Last modified: 2011-09-13 07:06:43 UTC
I get this fairly regularly - as you can see stability of 2.32 has improved - as is visible in the huge thread number (due to the IMAP-X thread joining leak no doubt):
+ Trace 225605
all other threads quiescent. (gdb) thread 2323 (gdb) finish ... Run till exit from #0 0xb68d0191 in sqlite3_exec () from /usr/lib/libsqlite3.so.0 cdb_sql_exec (db=0xa80945c0, stmt=0xa6987a88 "UPDATE 'Sent_version' SET version='2'", error=0x0) at camel-db.c:372 372 while (ret == SQLITE_BUSY || ret == SQLITE_LOCKED || ret == -1) { (gdb) finish Run till exit from #0 cdb_sql_exec (db=0xa80945c0, stmt=0xa6987a88 "UPDATE 'Sent_version' SET version='2'", error=0x0) at camel-db.c:372 (evolution:15846): libebook-DEBUG: GDBus connection is closed, remote peer vanished This simply never completes ... It seems that: Run till exit from #0 0xb68d0111 in sqlite3_exec () from /usr/lib/libsqlite3.so.0 cdb_sql_exec (db=0xa80945c0, stmt=0xa6987a88 "UPDATE 'Sent_version' SET version='2'", error=0x0) at camel-db.c:372 372 while (ret == SQLITE_BUSY || ret == SQLITE_LOCKED || ret == -1) { (gdb) l 367 gint ret = -1; 368 369 d(g_print("Camel SQL Exec:\n%s\n", stmt)); 370 371 ret = sqlite3_exec(db, stmt, 0, 0, &errmsg); 372 while (ret == SQLITE_BUSY || ret == SQLITE_LOCKED || ret == -1) { 373 if (errmsg) { 374 sqlite3_free (errmsg); 375 errmsg = NULL; 376 } (gdb) p ret $1 = 5 ie. SQLITE_BUSY is constantly returned here. Which is rather odd - I'm only running one evo, and - it can only be busy with itself: is there some lock ordering problem ? or a sqlite bug ? (gdb) thread 2339 has the same problem SQLITE_BUSY coming back from sqlite3_exec in a tight loop.
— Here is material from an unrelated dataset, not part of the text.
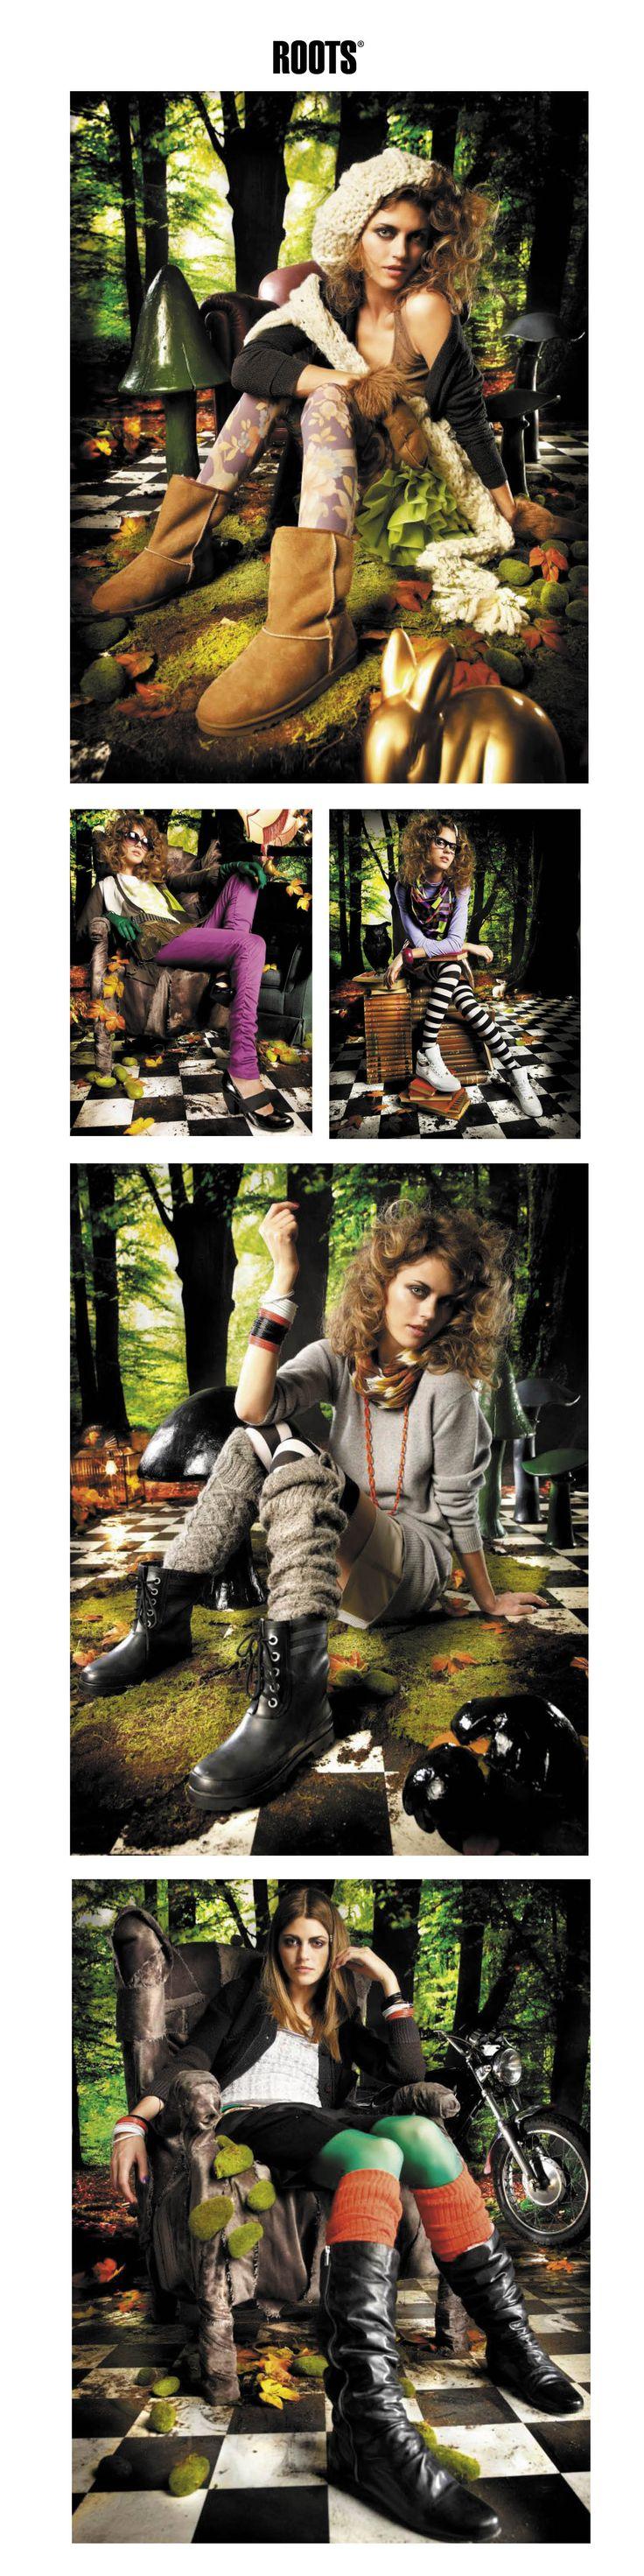 Roots campaign Autumn/winter `09 • Fotoopptak • Butikkmateriell • Profilmateriell • Katalog

This really does look like a sqlite bug (to me); I'm using sqlite3 from the latest openSUSE:11.3 obs repo. Here we are with debugging symbols. The hang always ends up with "Moving messages ..." "Storing folder ..." in the status bar - I guess these two conflict / race etc. Is it possible hackers dont' see this because they cheat with: export SQLITE_TRANSLOCK=1 If so - they should not ! ;-)
+ Trace 225741
Thread 752 (Thread 0xa11fcb70 (LWP 11677))
FWIW, when I can find time I'd like to redesign this part of Camel such that each folders.db has a single dedicated transaction processing thread with exclusive access to the database. Database commands from other threads would then be serialized into a single command queue. That would eliminate database deadlocks and I think help simplify Camel logic.
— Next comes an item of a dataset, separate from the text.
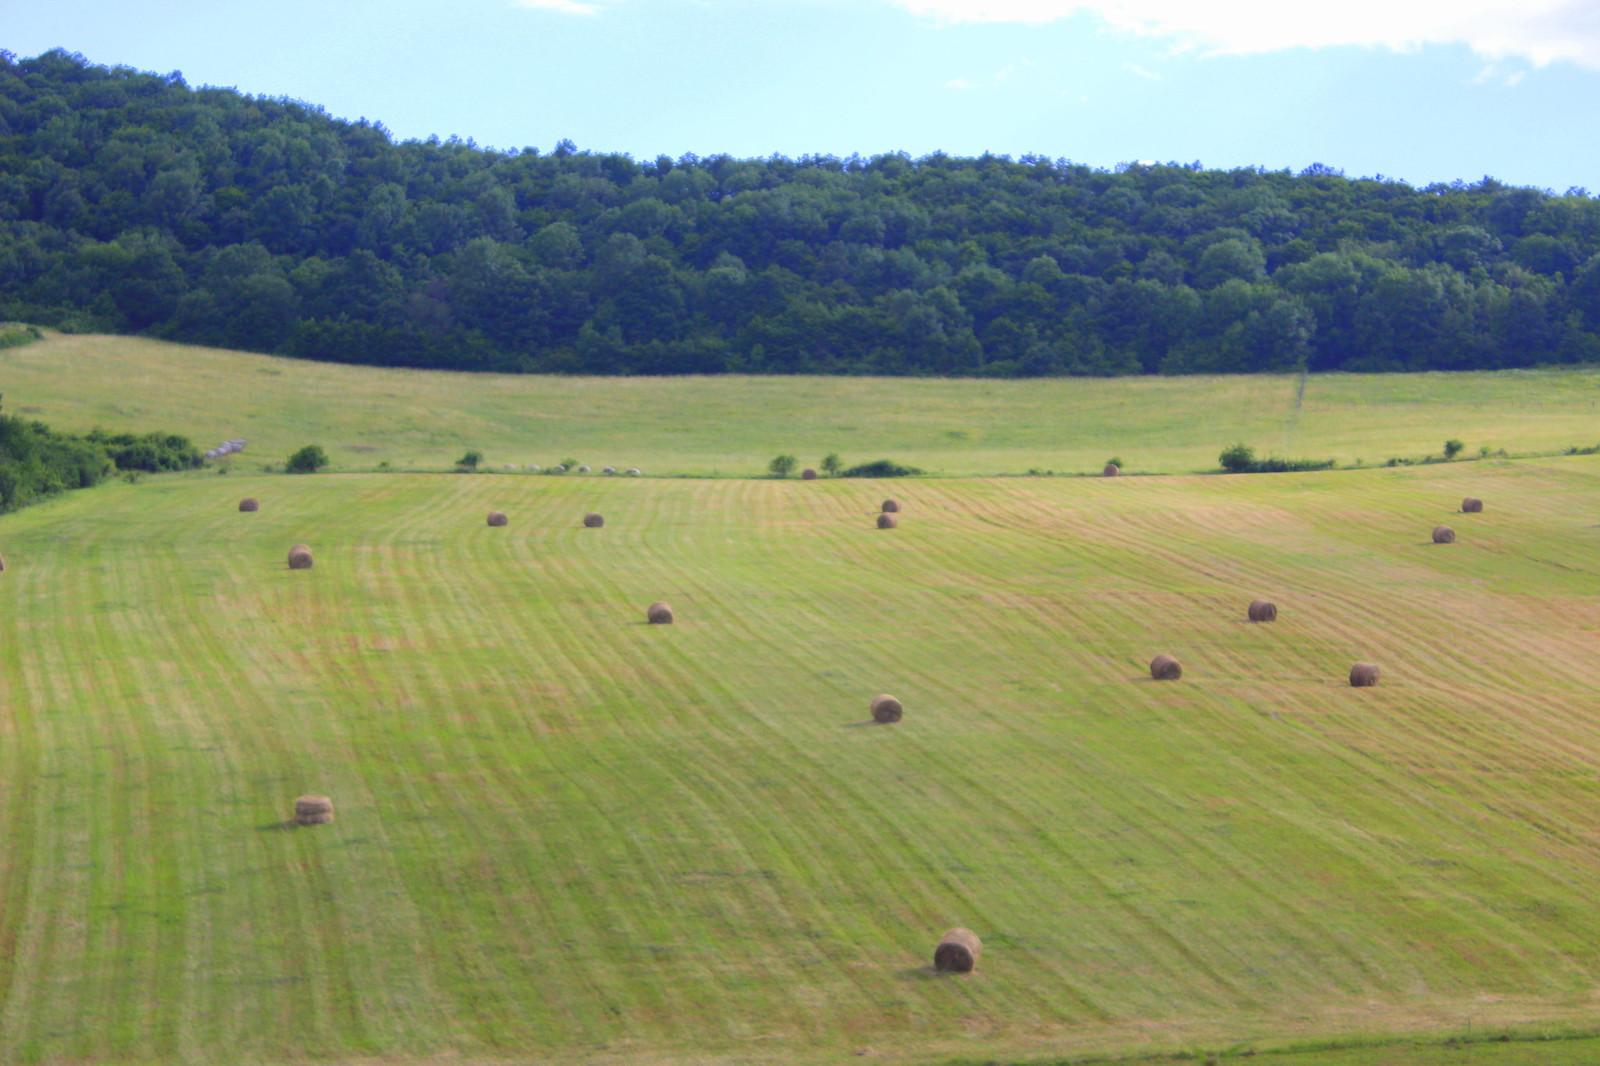 budapest meadow

I see this in openSUSE Factory with 2.32.1 - basically its immediate as soon as you try and filter anything.
Getting started with sqlite cache for address-book, started with working on this bug. http://www.sqlite.org/faq.html#q5 mentions clearly that there can be multiple readers and all instances should ensure that there is only one writer at any point. We were not adhering to it, we use two connections (cdb_r, cdb_w) to the db which allowed reading while something is written to the db causing the BUSY error to be returned on some operations.. In the patch which I have made, we use a RW lock to allow parallel reading while locking all operation while a thread wants to write the data to db file. I have not changed the ABI so that this patch could be absorbed to older versions. The lock in CamelDB is unused and cdb_w just points to cdb_r.
Created attachment 184583 [details] [review] Should fix the bug. The patch also removes trans_lock which was not necessary. It would be nice if someone else also could test the patch..
nice catch :-) the patch at least looks simple and 'correct' not closing the db twice during finalize looks nice too. I'll try to build some test packages when I have 11.4 installed.
Well - I ran fine with this for some time - and then got the hang again: this time on openSUSE 11.4 with: evolution-2.32.1-9.12.1.i586 libcamel-1_2-19-2.32.1-1.i586 the latter patched with a tweaked version of your patch (to cope with the whitespace changes there). It hung with two stores happening concurrently [ in the status bar ]:
+ Trace 226517
and all other threads quiescent. Of course the fact we have "thread 1231" is really still a bad sign - we are failing to join threads [ still, still, still ], and leaking address space - which in the end will cause excessively weird behaviour.
Created attachment 184797 [details] [review] same patch for 2.32 ...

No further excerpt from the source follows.